AutoPWLF Documentation
Piecewise Linear Fit with automated selection of the number of segments.
Installation
$ pip install -U autopwlf
Examples
Default usage involves calling auto_fit() method with the x and y data. fastfit is set to True by default.
import numpy as np
import autopwlf
# Initialize variables
x = np.arange(0, 150)
y = np.array([
0.1, 0.4, -0.2, 0.7, 1.7, 1.6, 3.1, 1.9, 4.4, 5.3, 3.3,
5.6, 3.7, 5.8, 6. , 5.1, 5.9, 5.7, 10.3, 8. , 7.5, 8.7,
7.9, 9.2, 11. , 15.2, 18.1, 28.4, 29.3, 29.1, 30.4, 38.4, 37.1,
40.5, 42.1, 47.4, 49.1, 50.2, 51.9, 52.5, 53.3, 54.2,
54.1, 58.3, 59.1, 60.2, 54.9, 55.1, 49.3, 48.1, 47.4, 44.1,
43.7, 42.1, 41.5, 40.3, 39.1, 38.9, 37.7, 36.1, 35.5, 34.3,
42.1, 36.8, 33.3, 30.1, 28.9, 27.8, 26.9, 26.1, 25.3, 24.6,
27. , 25.7, 25.7, 24.8, 23.9, 23.4, 22.5, 21.6, 20.7, 19.8, 18.9,
16.1, 15.4, 14.8, 13.9, 14.9, 12.3, 11.4, 10.7, 9.8, 8.9, 8.1,
15.3, 18.0, 14.5 , 11.3, 9.4, 10.5, 9.8, 6.8, 6.4, 5.4, 2.9,
3.8, 2.4, 1.1, 2.5, 3.9, 2.7, 3.7, 4.3, 6.3, 4.9, 6.5 ,
7.7, 6.4 , 7.8, 7.9, 8.7, 8.3, 10.5, 19.7, 13.5, 19.7, 19.6,
28.5, 38. , 39. , 36.6, 38.2, 38.3, 37. , 36.2, 37. , 35.3, 34.9,
33.8, 34.7, 33.1, 33.1, 32.3, 33.9, 30.9, 31.2, 31.7, 30.8, 30.2,
30.3
])
apwlf = autopwlf.AutoPWLF(x, y)
model_fit = apwlf.auto_fit() # default complexity penlty is 20
Lowering complexity penalty will often result in more segments.
apwlf = autopwlf.AutoPWLF(x, y)
model_fit = apwlf.auto_fit(complexity=5)
For better model perfomance (at the cost of speed), set fastfit=False.

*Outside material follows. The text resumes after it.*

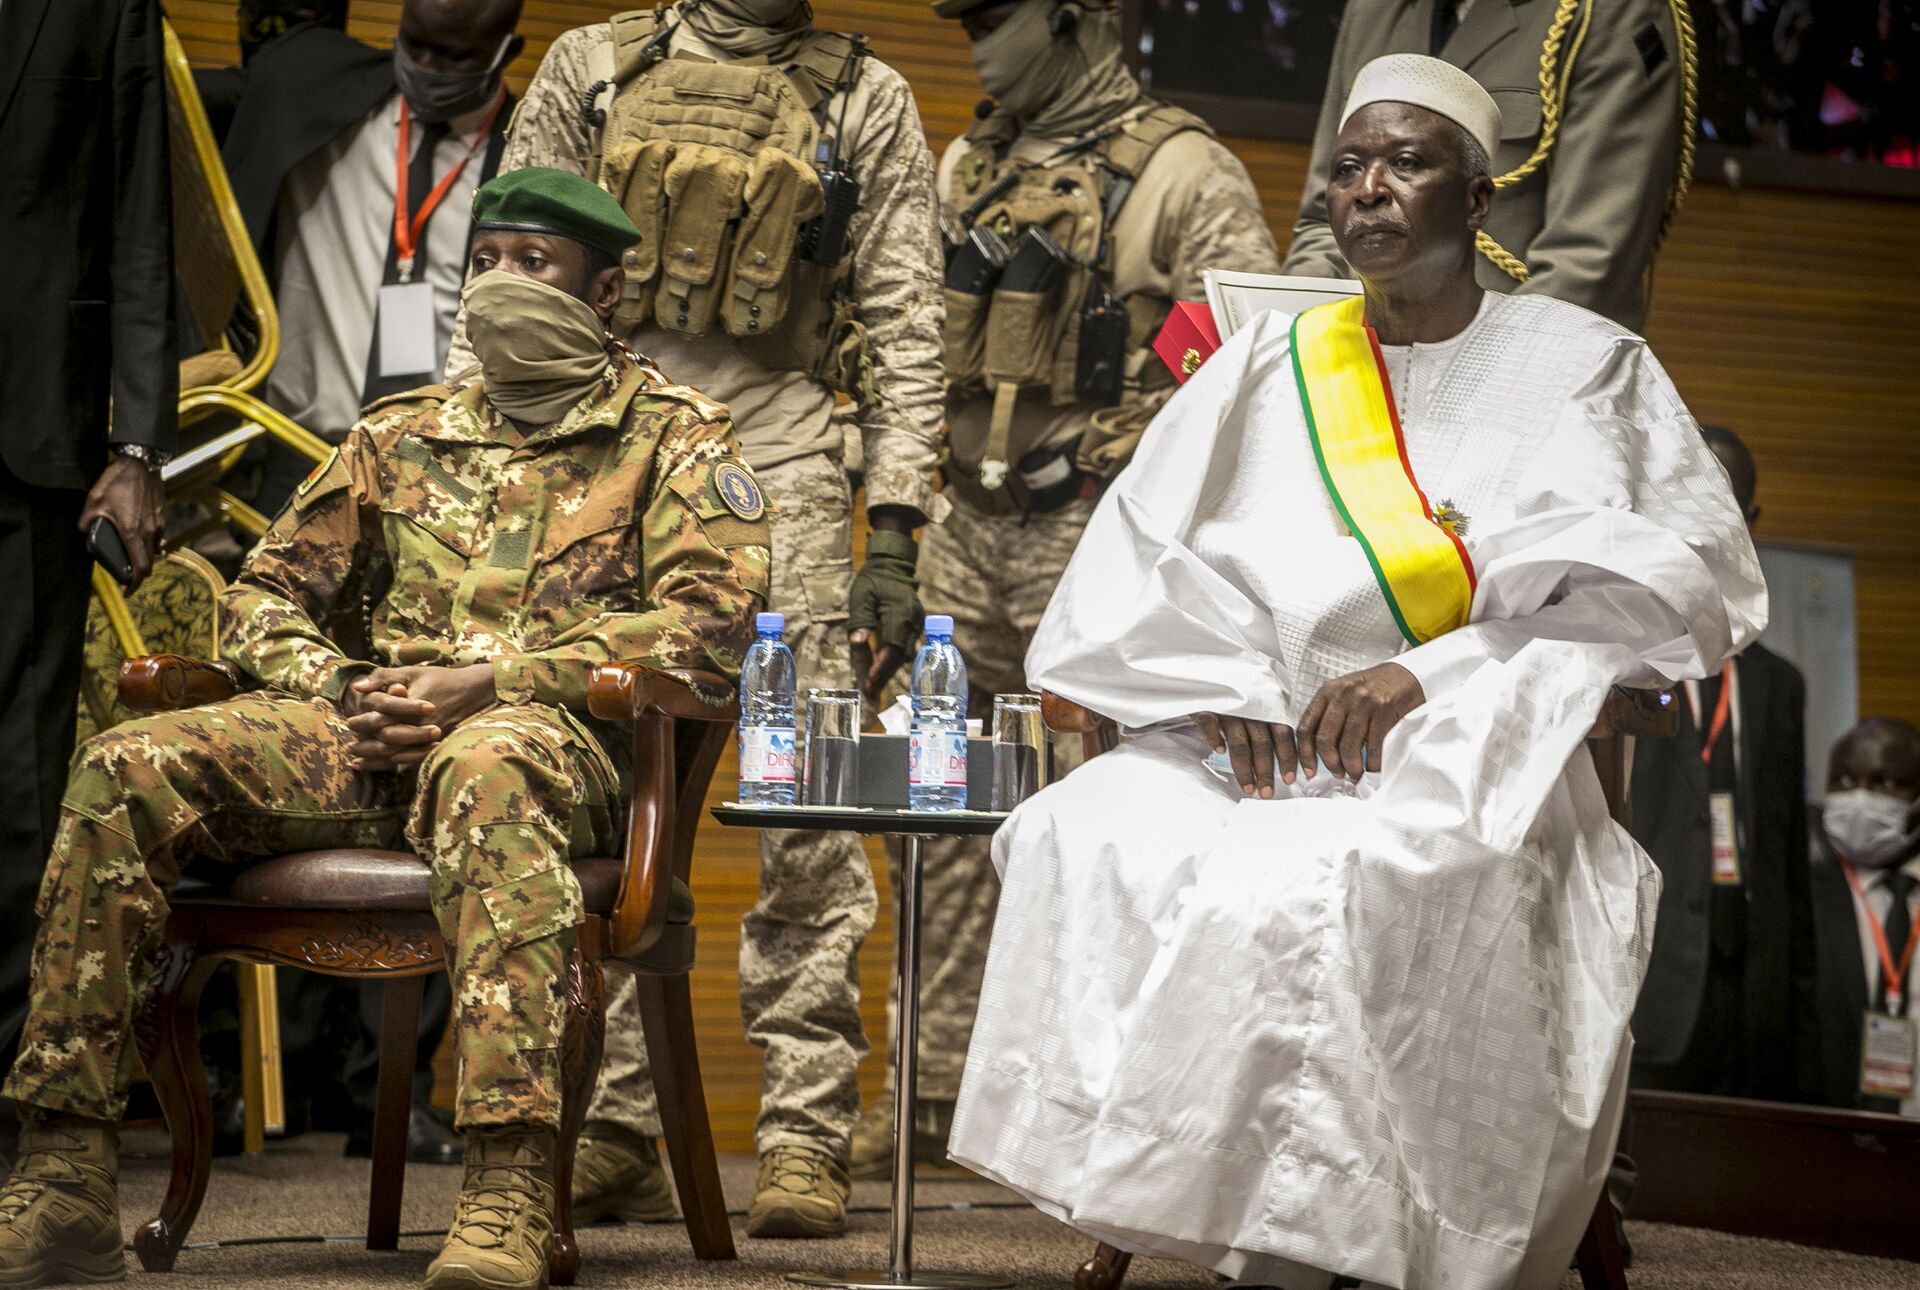 Mali’s Junta Leader Goita Says 2022 Elections to ‘Proceed Normally’ After Second Coup - Sputnik International, 1920, 25.05.2021

Recommended to use buffer of 0 or 1 to prevent large runtime.
my_pwlf = apwlf.auto_fit(fastfit=False, buffer=1)
If an upper and lower limit is known for the number of segments, use the following:
apwlf = autopwlf.AutoPWLF(x, y)
model_fit = apwlf.fit(x, y, min_breaks=2, max_breaks=5)

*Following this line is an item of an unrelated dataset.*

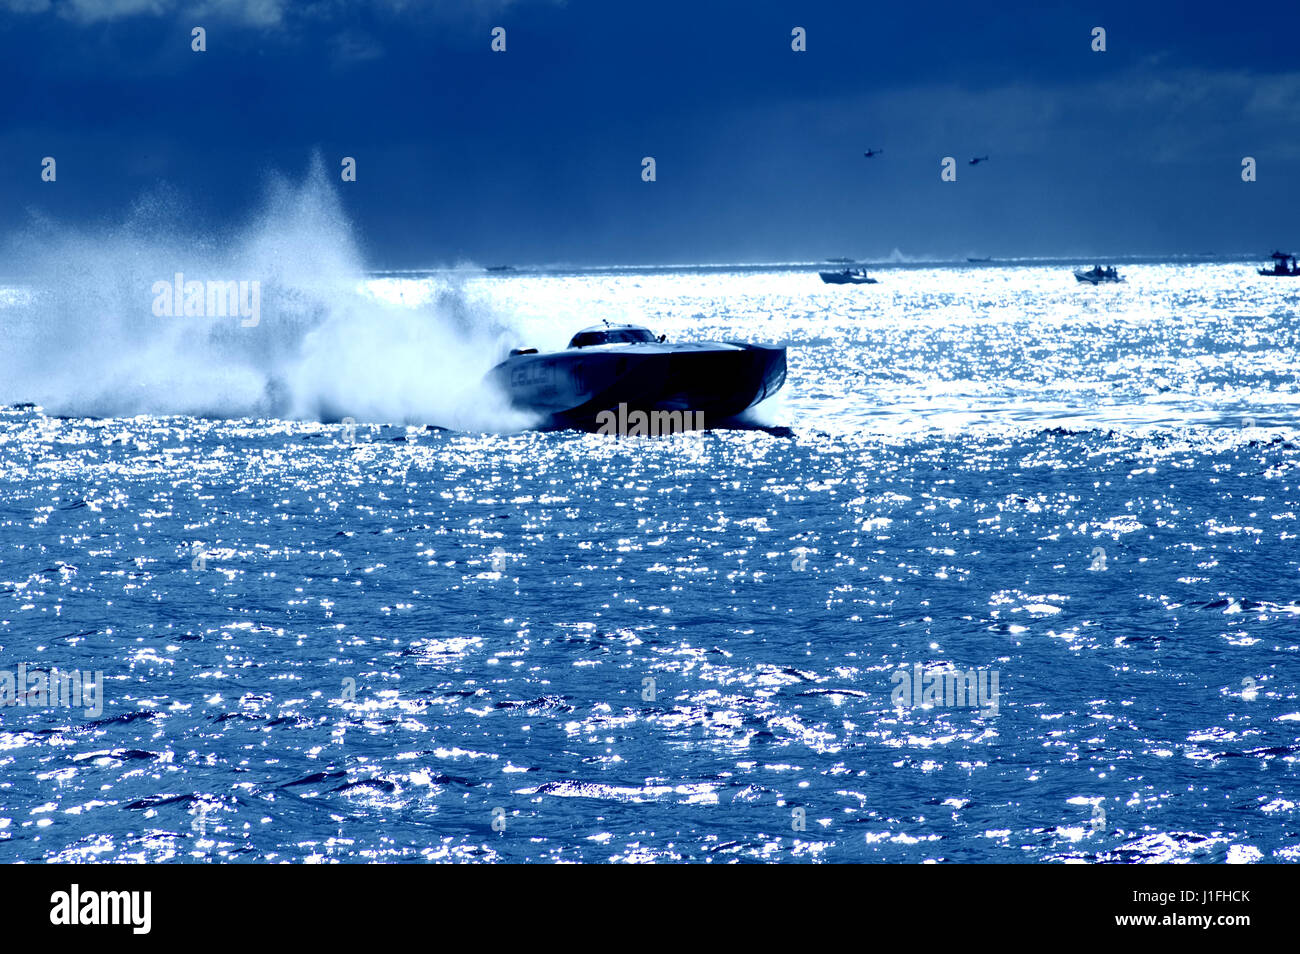 off shore power boat racing Stock Photo

If outliers are present in the data, they can be detected and ignored in the fitting, using the following:
x = np.arange(0, 152)
y = np.array([
0.1, 0.4, -0.2, 0.7, 1.7, 1.6, 3.1, 1.9, 4.4, 5.3,
3.3, 5.6, 3.7, 5.8, 6.0, 5.1, 5.9, 5.7, 10.3, 8.0,
7.5, 8.7, 7.9, 9.2, 11.0, 15.2, 18.1, 28.4, 29.3, 29.1,
30.4, 38.4, 37.1, 40.5, 42.1, 47.4, 0.2, 49.1, 50.2, 51.9,
52.5, 53.3, 54.2, 54.1, 58.3, 59.1, 60.2, 54.9, 55.1, 49.3,
48.1, 47.4, 44.1, 43.7, 42.1, 41.5, 40.3, 39.1, 38.9, 37.7,
36.1, 35.5, 34.3, 42.1, 36.8, 33.3, 30.1, 28.9, 27.8, 26.9,
26.1, 25.3, 24.6, 27.0, 25.7, 25.7, 24.8, 23.9, 23.4, 22.5,
21.6, 20.7, 19.8, 18.9, 16.1, 15.4, 14.8, 13.9, 14.9, 12.3,
11.4, 10.7, 9.8, 8.9, 8.1, 15.3, 18.0, 14.5, 11.3, 9.4,
10.5, 9.8, 6.8, 6.4, 5.4, 2.9, 3.8, 2.4, 1.1, 65.0,
2.5, 3.9, 2.7, 3.7, 4.3, 6.3, 4.9, 6.5, 7.7, 6.4,
7.8, 7.9, 8.7, 8.3, 10.5, 19.7, 13.5, 19.7, 19.6, 28.5,
38.0, 39.0, 36.6, 38.2, 38.3, 37.0, 36.2, 37.0, 35.3, 34.9,
33.8, 34.7, 33.1, 33.1, 32.3, 33.9, 30.9, 31.2, 31.7, 30.8,
30.2, 30.3
])
apwlf = autopwlf.AutoPWLF(x, y)
model_fit = apwlf.auto_fit(outliers=True, outlier_threshold=4)
Contents
- class autopwlf.AutoPWLF(x_data: array, y_data: array, disp_res: bool = False, lapack_driver: str = 'gelsd', degree: int = 1, weights: Optional[array] = None, random_seed: Optional[int] = None, smooth_polyorder: int = 0, peak_threshold: float = 0.25, prominence_threshold: float = 0.1)[source]
Bases:
objectClass to find the optimal number of breaks for a piecewise linear fit using the Bayesian Information Criterion (BIC) and then fit the piecewise linear function to the given data set
- __init__(x_data: array, y_data: array, disp_res: bool = False, lapack_driver: str = 'gelsd', degree: int = 1, weights: Optional[array] = None, random_seed: Optional[int] = None, smooth_polyorder: int = 0, peak_threshold: float = 0.25, prominence_threshold: float = 0.1)[source]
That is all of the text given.